Так как выходные у меня были большой редкостью, я носил на себе манжету в день приема в женской консультации – это было практично (оперировать бы мне не пришлось), а стресса, теоретически, должно было быть меньше.
Я объяснял пациентам, что им нужно начать принимать лекарства от гипертонии, в то время как прикрепленное к моей руке устройство гордо демонстрировало, что у меня самого давление значительно выше, чем у них.
Среди всех предсказуемо «уморительных» комментариев, которые говорили мне пациенты, один сказал нечто на удивление проницательное: «Забавно – никогда не думаешь о том, что врачи тоже болеют».
Это действительно так, и мне кажется, что это часть чего-то большего: пациенты не воспринимают врачей как людей. Вот почему они так охотно жалуются, когда мы ошибаемся или выходим из себя. Вот почему они готовы наброситься на нас, когда мы наконец принимаем их в семь вечера в загруженный день, даже не задумываясь о том, что мы тоже предпочли бы находиться у себя дома. Такова обратная сторона, когда хочется верить, что врач не способен допустить промах, что он не в состоянии ошибиться с твоим диагнозом. Им не хочется думать, что медицина – это лишь одна из профессий, которой любой на планете в состоянии научиться, которую мог выбрать в качестве своей карьеры даже их недалекий двоюродный брат.
Через час после того, как я вернулся домой, мое давление стабилизировалось, так что, к счастью, мои артерии были пока еще в неплохом состоянии.

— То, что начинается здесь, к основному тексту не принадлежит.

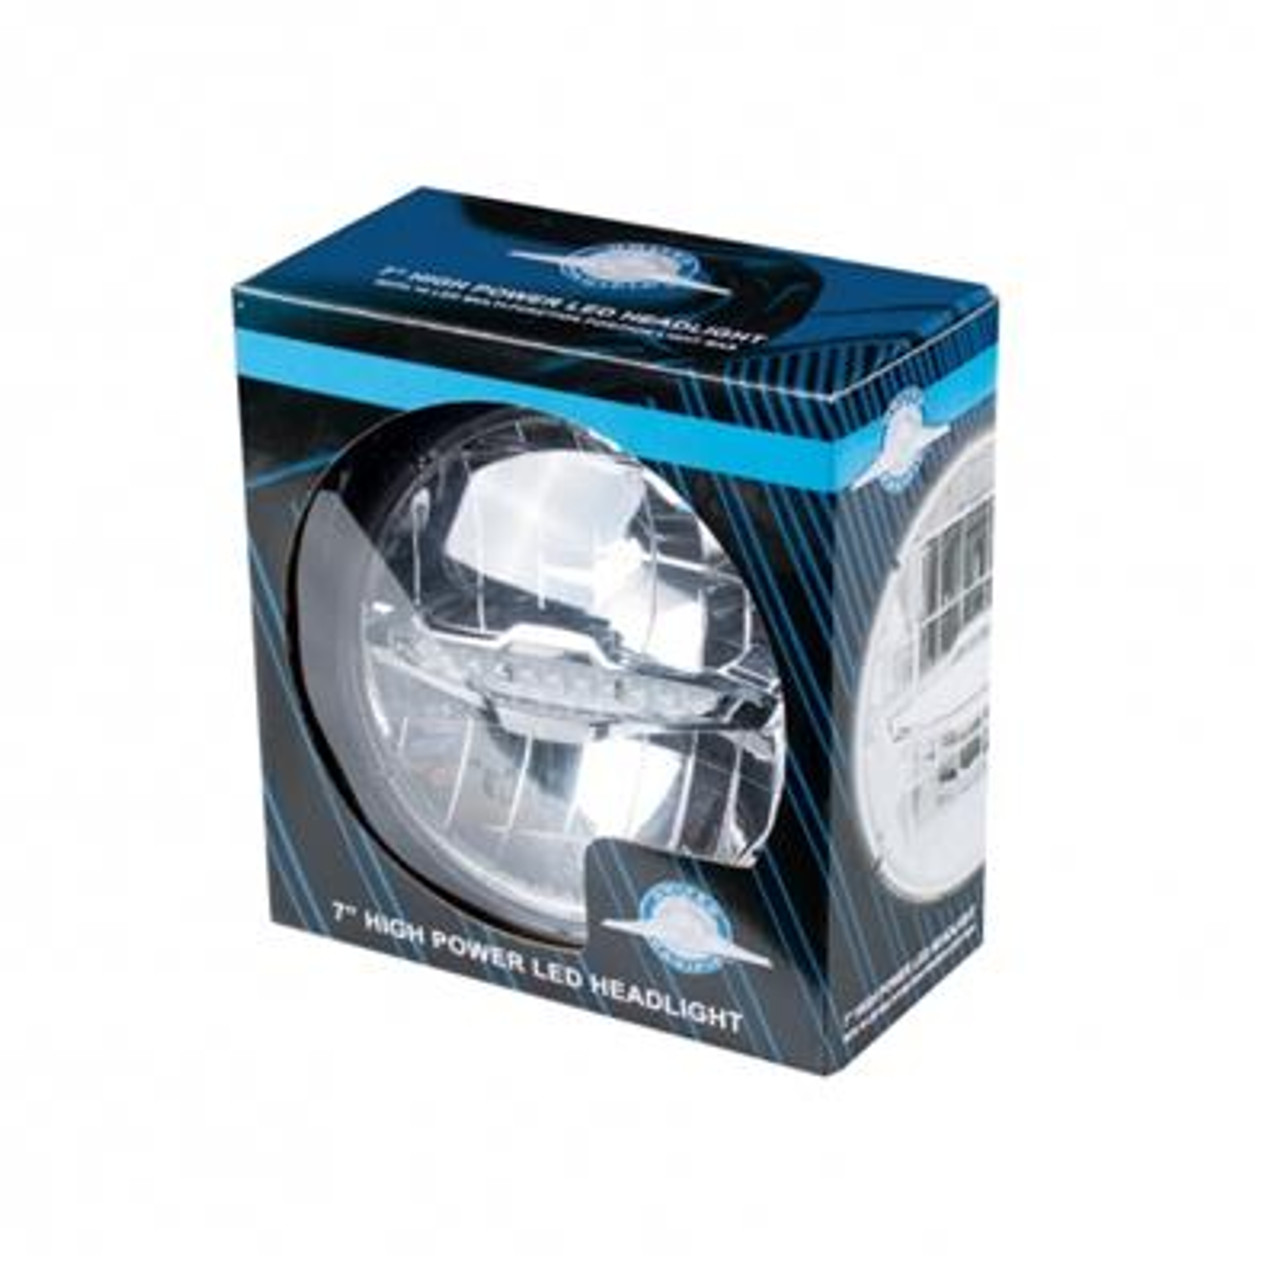 ULTRALIT - 3 High Power LED 7" Headlight With 10 White LED Position Light

Кроме того, было любопытно выразить в миллиметрах ртутного столба, насколько это нервное занятие – работать старшим ординатором.
9 августа 2010 года, понедельник
Сегодня пациентка назвала своего ребенка в мою честь. Это было запланированное кесарево вследствие ягодичного предлежания, и, приняв роды, я сказал: «Адам – хорошее имя». Родители со мной согласились – дело в шляпе.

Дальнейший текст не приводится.